‘We should be self-sufficient in rice production in 4 years’

Chairman of UMZA Farms and owner of Umza Rice Mill, producers of Sarauniyya Golden Rice brand in Kano, Alhaji Umar Abubakar, has said that with the current surge in the tempo of paddy rice production in the country, Nigeria has a good chance of becoming self-sufficient in rice production in less than four years from now.

He stated this recently while conducting journalists round his rice milling factory situated in Kwanan Dawaki in Dawakin Kudu local government, Kano state.
The Umza Farms chairman however stated that achieving complete self-sufficiency in rice production and exiting importation, presently draining the country of billions of scarce foreign exchange annually, will only happen if more Nigerians ventured into rice milling to raise the national rice milling capacity.

Disclosing that his mill, currently producing at 75% installed capacity, has a stockpile of about 100, 000 metric tons of paddy rice brought in from Kano, Jigawa, Taraba, Gombe and Adamawa States, Alhaji Umar Abubakar stated that working nearly 24 hours, 7 days a week, it would take up to end of July to finish milling the stockpile, by which time fresh harvests from the upcoming rain cultivation will start coming arriving. The rice miller put the price value of paddy stock in his mill at more than two billion naira, with the post-mil value potentially at nearly double the amount.
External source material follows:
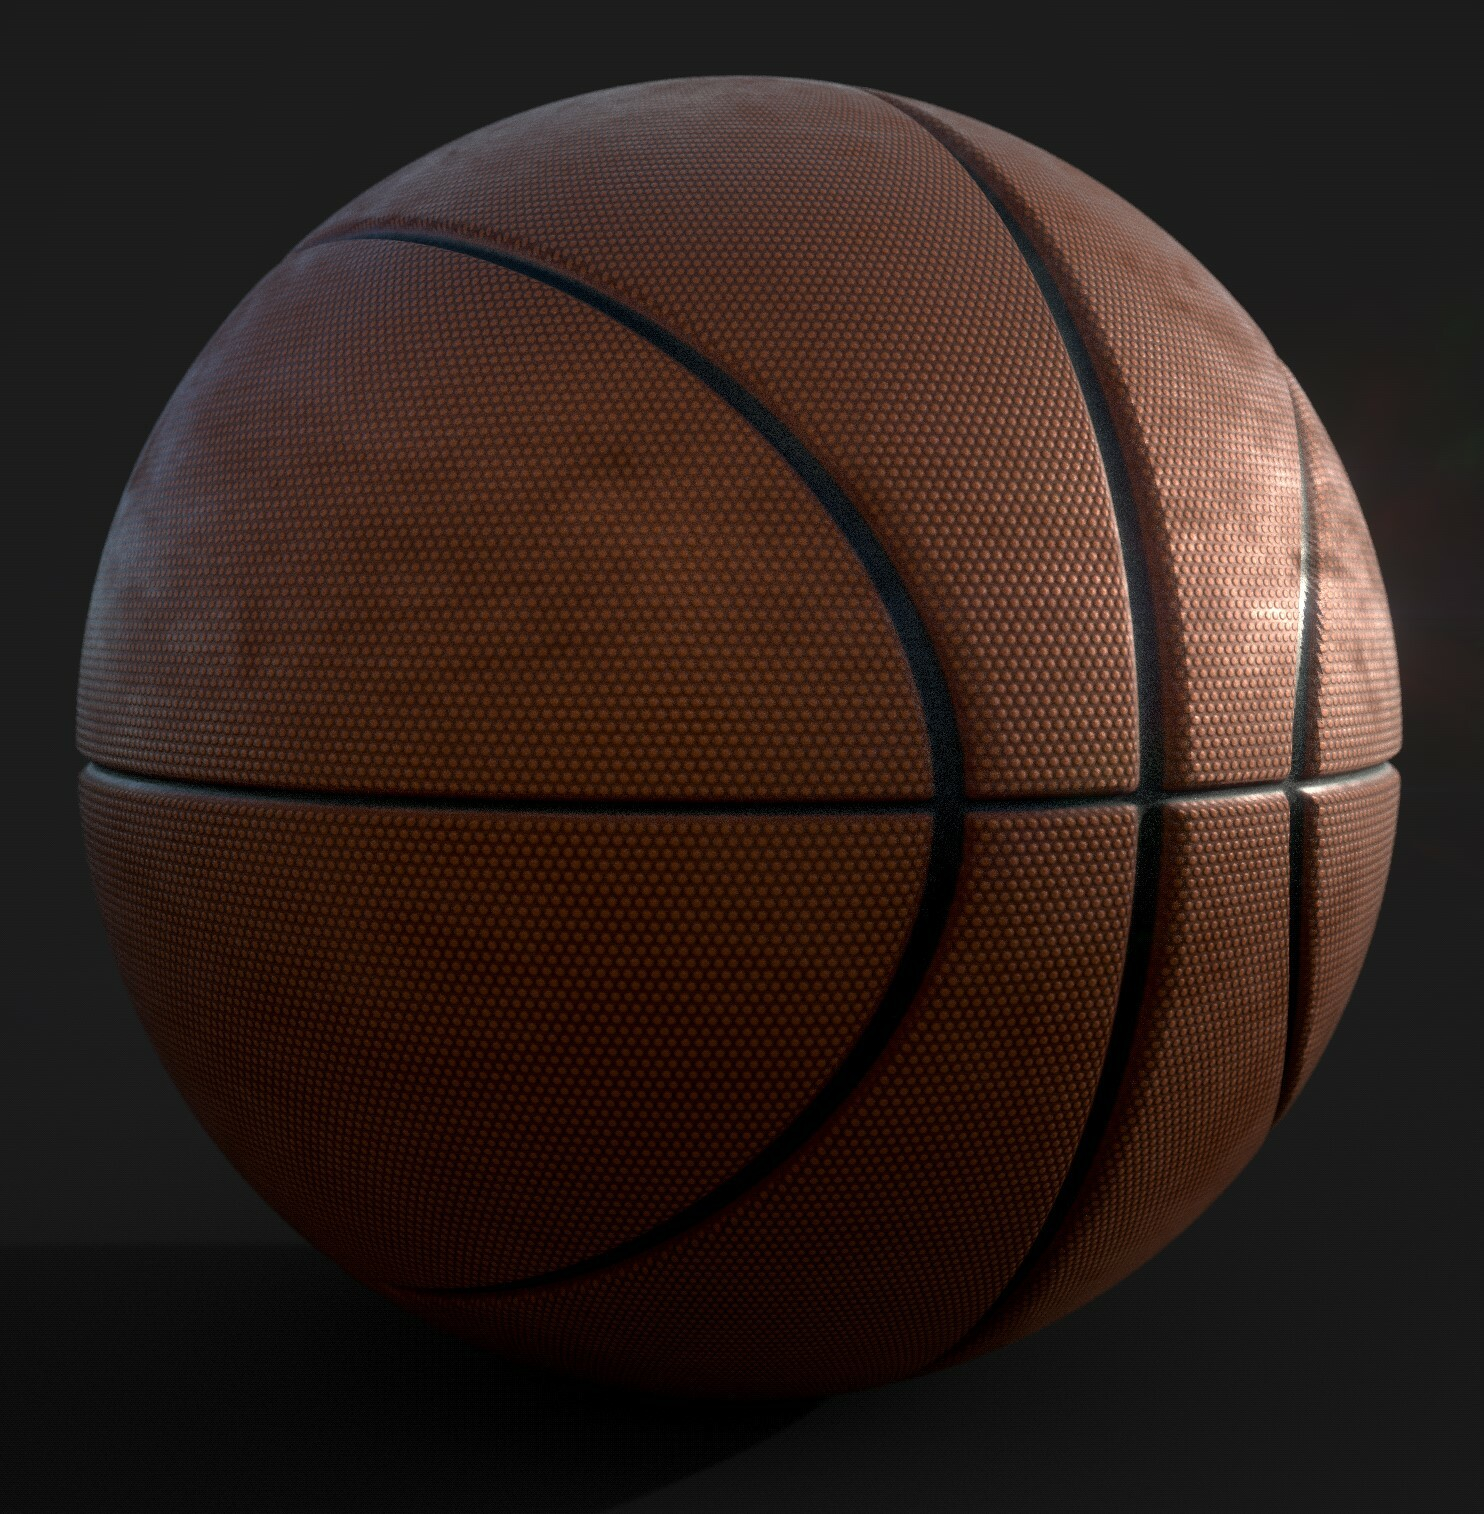 Marcelo souza basketball 01 05 b

He also disclosed that to enter the consumer market with confidence and credibility, the company sent samples of its paddy as well as milled rice to the National Cereal Research Institute (NCRI) in Badegi, Niger state, for quality assurance tests and determination of the nutritional value. According to him, the test showed that the locally produced Nigerian long grain rice was far superior to the Thai and Indian long grain rice currently flooding the Nigerian market.

Alhaji Abubakar, therefore, called on Nigerian investors to venture into agribusiness, particularly cereals processing, assuring them of high returns on investment.
The minister of agriculture and rural development, Dr. Akinwumi Adesina, tasked the journalists to be pro-active in independently verifying claims made by people with vested interest in importing rice and other commodities into the Nigerian market, with a view to correctly enlightening members of the Nigerian public.
He said that those who peddle falsehood claiming that Nigerians cannot produce enough food, or that the quality of our own crops is lower are shipping jobs and wealth abroad while impoverishing our own people.
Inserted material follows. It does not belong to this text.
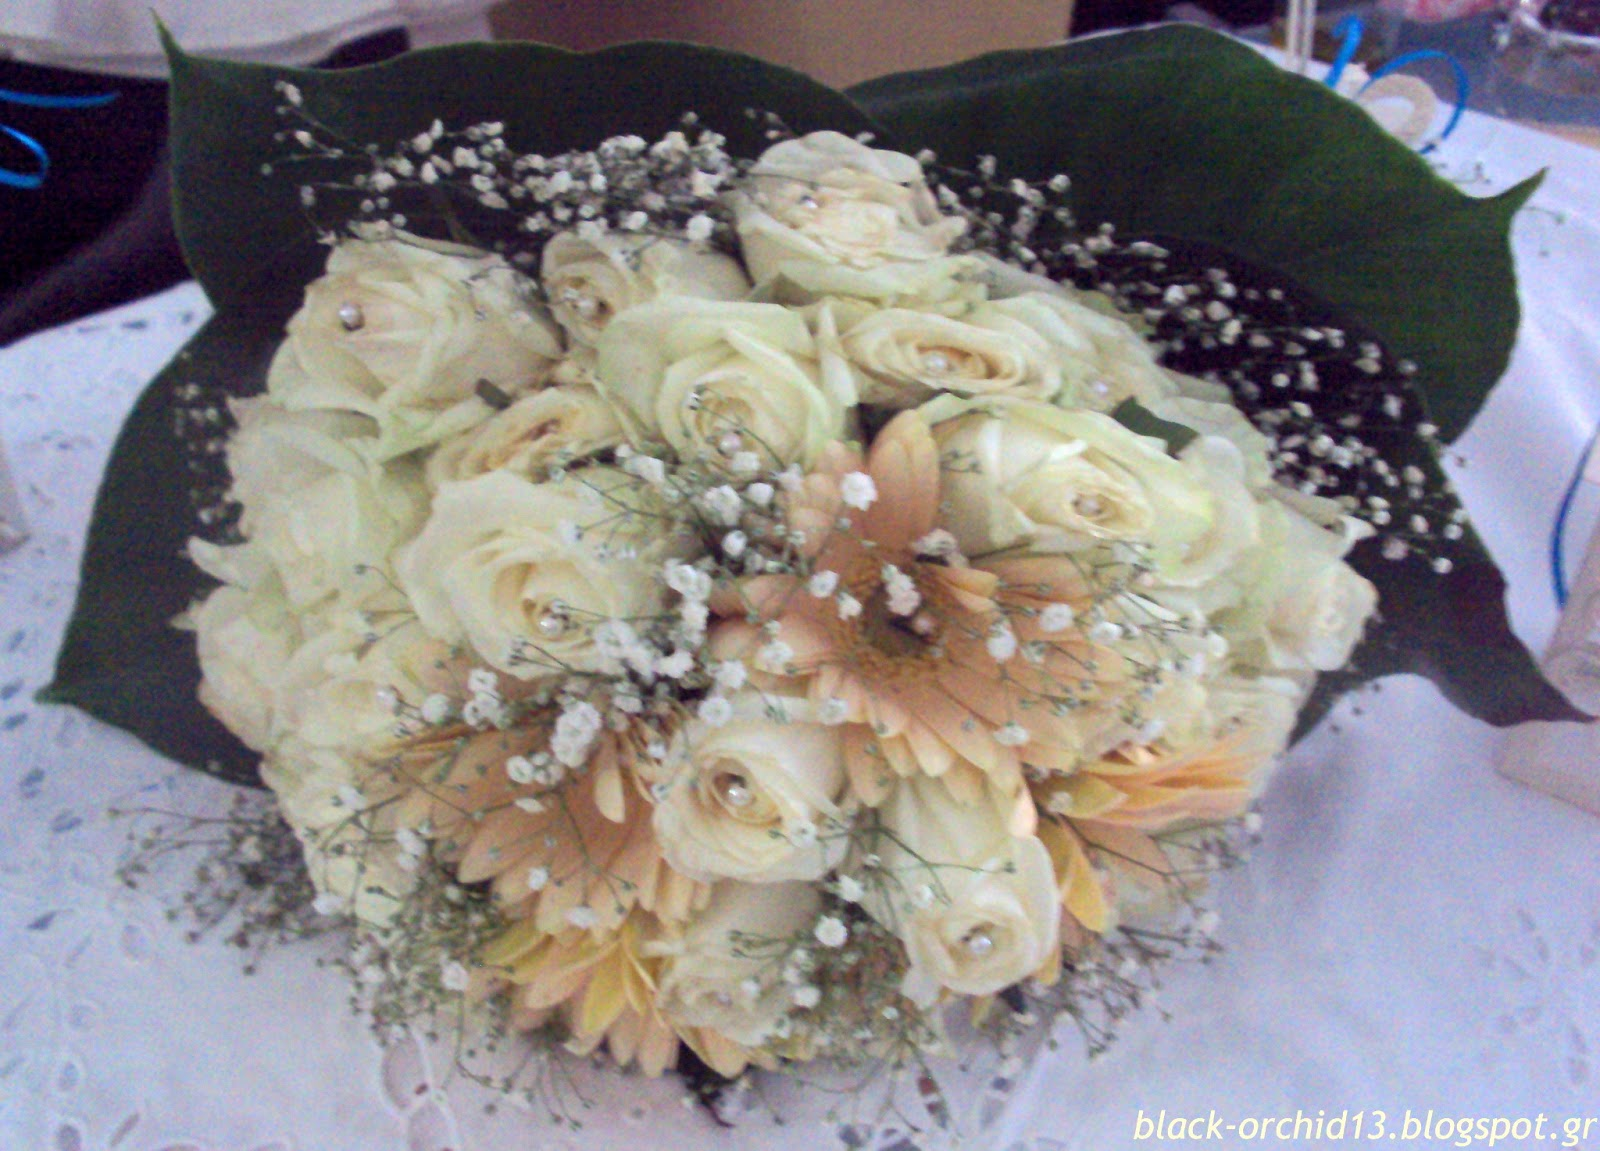 6b656abbd5d7 Νυφική ανθοδέσμη σε απαλά χρώματα. Ιβουάρ τριαντάφυλλα και σομόν ζέρμπερες  δίνουν ένα ιδανικό παλ αποτέλεσμα στην ανθοδέσμη του γάμου σας.

“The current government will not please anybody to hurt millions of Nigerians who government intends to help exit poverty and assure food security by creating jobs and wealth through agriculture. We must work hard and we will succeed. I can assure you that the next generation of millionaires and billionaires will emerge from agriculture”.

Also commenting, the minister of state for agriculture and rural development, Mrs. Asabe Asmau Ahmed, said the task of feeding Nigerians is not one Nigerians should leave to only government or farmers alone but a responsibility to be assumed by all. “With the huge parcels of arable land, water and other natural resources, we, Nigerians, will only be putting ourselves at the mercy of other less-endowed economies if you do not address the food question frontally”, she said.